Hey hackers, cool site.

I purchased some LaserJet II used steppers, they're on their way. These are supposed to be rated for 1.4A per phase unipolar, 5.2V. If I drove these from 28V until 1.4A, then dropped to 5V, it that efficient?

Background:
I am beginning a CNC machine, smaller scale, likely about 12" x 8" table, gantry style, Most common use will be PCB, but small woodworking is a possibility.

The reason I ask this is the drive of this is an interesting part. I am an EE, and have access to all the requisite tools parts and SMT soldering. So I am disinclined to use an off the shelf IC, and use an analog approach.

The motors have 200 steps per rev, I have bought 3/8 Acme 12tpi, giving a theoretical resolution of 0.41 mils per step.

Thanks
John

[ViperTX]

Hackers.....where??

Well John as a fellow EE....I have no idea what you're asking in the first paragraph.

The reason that you run steppers at a higher then their rated voltage has alot to do with the way each phase is driven....Pulse Width Modulation (PWM)...someone apparently did some empirical studies and determined that it would be safe.....(SOA) to use a voltage up to 20X the rated voltage as long as you were using PWM....

I've never personally studied or tested it....but I would if I was planning on delivering a product to the marketplace...I would want to validate the SWAG....

41 mils....oh....4 ten thousands.....yep...that's correct...

[pminmo]

Couple of the circuits on my website you could use. Chopping to limit the current is the way to go.

[The Speaker Guy]

See attached schematic. This is a quick hack, as I need to know more about the resistance and inductance of the motor.

Circuit operates as follows:

An incoming pulses turns on the low side FET. This same pulse is level shifted to drive the high side FET. Because of D1 blocking, the highest voltage is applied across the load. When the load current hits 2A, the amplified sense signal overides the high side gate signal, turning of the high side FET. The load voltage Vload drops to where it is caught by D1, supply a steady state (slighlty indereasing) current to the load.

Based on the second answer, I think I can do this with a PWM converter as well, avoiding the dual supply requirement.

Thanks

John

[Mariss Freimanis]

1) You have no inductive current return path whe IRF510 turns off. Add a diode, anode to n-channel drain, cathode to your +24V bus.

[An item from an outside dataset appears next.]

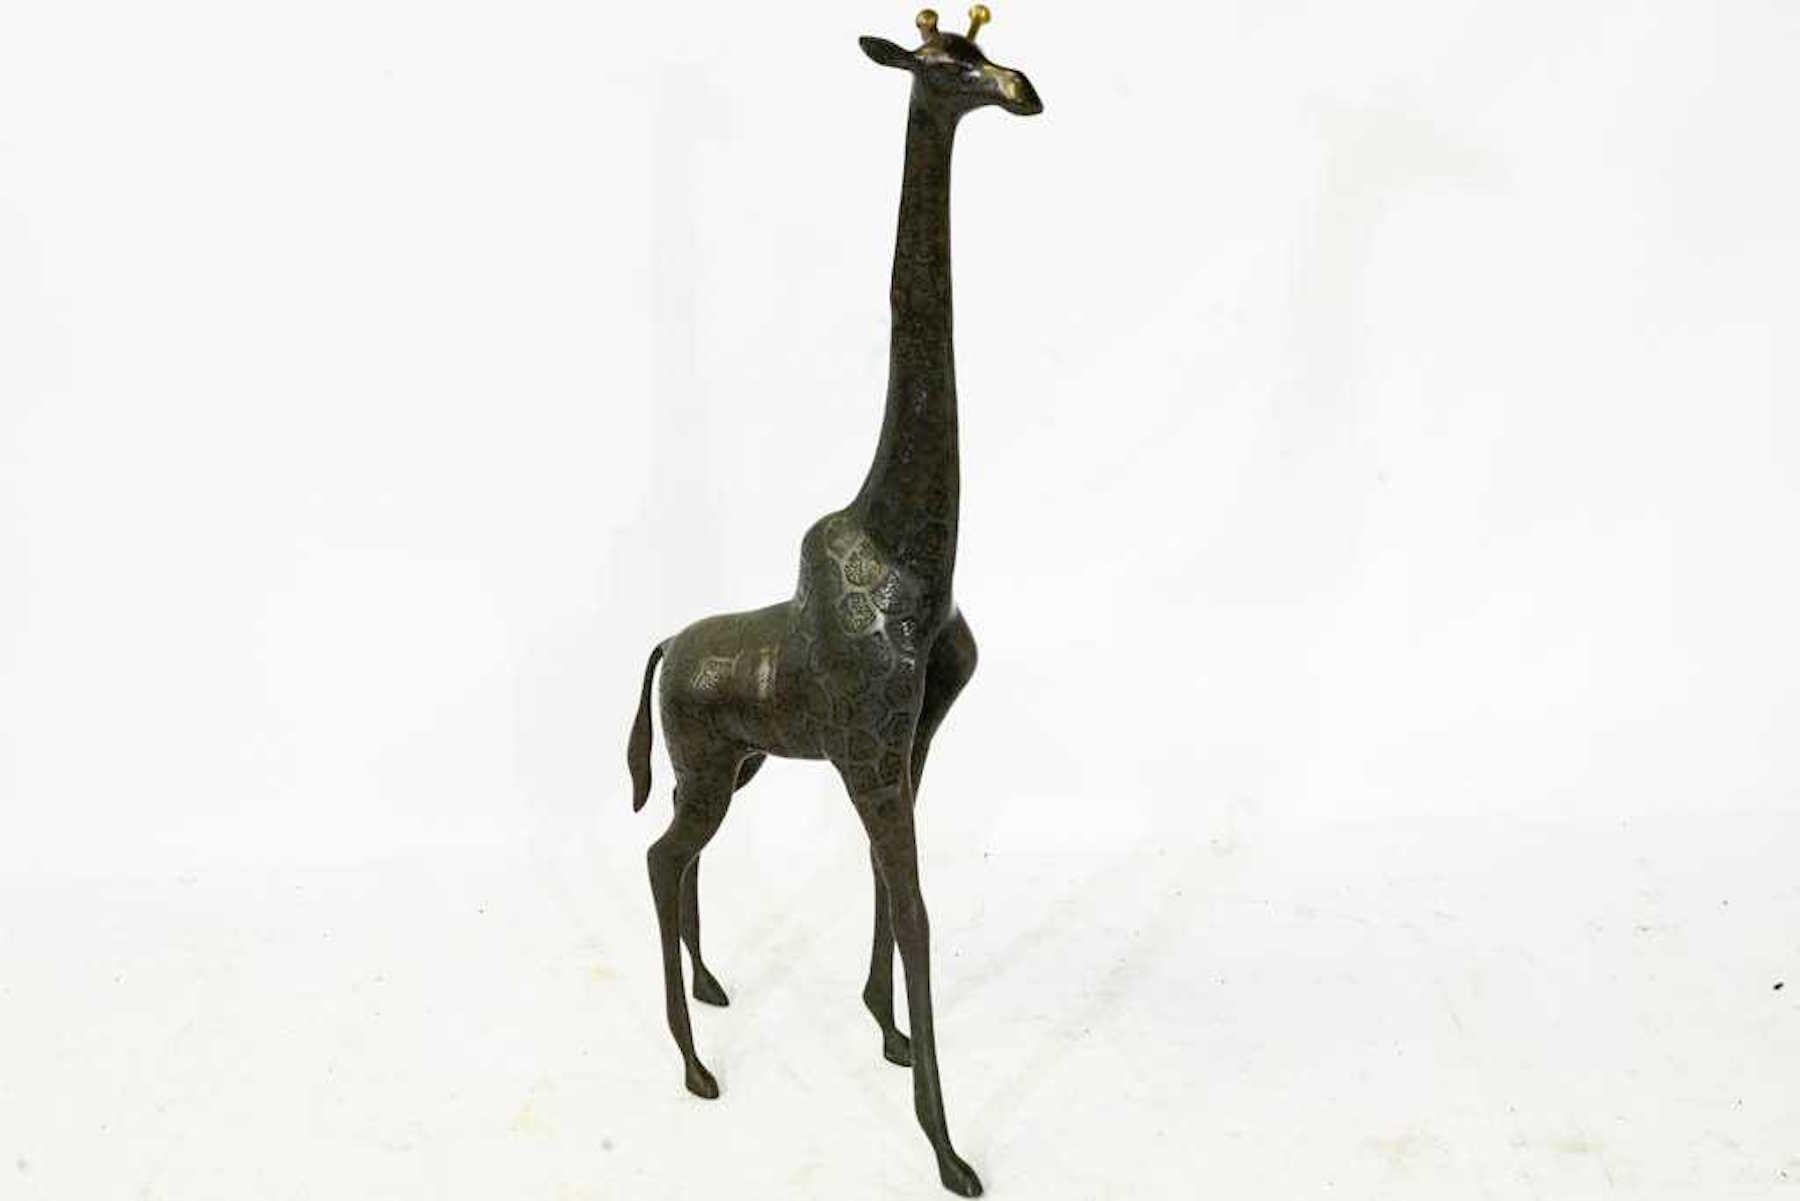 Midcentury bronze sculpture of a giraffe, well cast and modeled with an expressive face.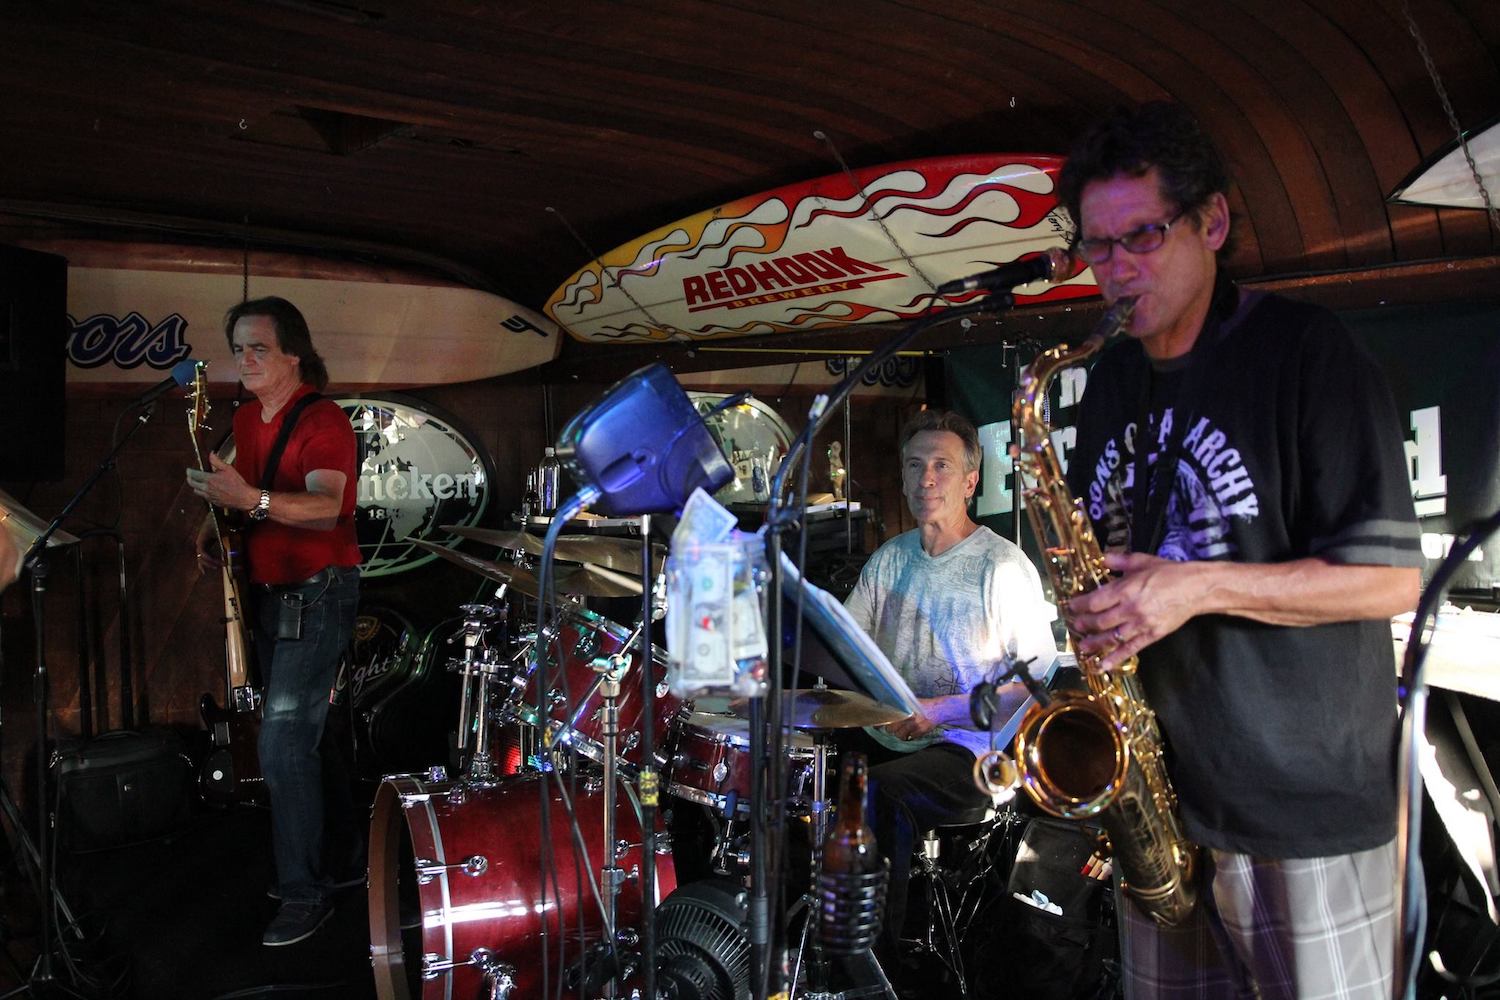 San Diego live music bar The Kraken in Encinitas featuring a jazz band performing

2) You are using a p-channel as the top MOSFET. A bootstrap gate drive supply would allow you to make it an n-channel as well. P-channel MOSFETs have 4 times the Rds of a same die-size n-channel. They are not true complimentary devices like bipolar junction transistors.

3) I assume you plan to have 4 identical channels of the circuit shown. That makes for 8 MOSFETs, the same number you would need for 2 full-bridges. Consider a dual full-bridge drive, they have no voltages present that exceed the bus voltage by more than +/- 1 diode drop.

4) Take a look at IR half-bridge MOSFET drivers like the IR2104. They make life much easier. If you'd rather "roll your own", please see the attached pdf. It has a working and tested circuit I designed a few years ago.

Mariss

[The Speaker Guy]

Thanks Mariss;

understood. This was to indicate the general topology, and was not a final solution. The FETs are OK, but a 1N4002 is practically useless. <<Sigh>>, it's what comes in the PSPICE eval library.

I am sure I'll have more questions when I actually GET my motors !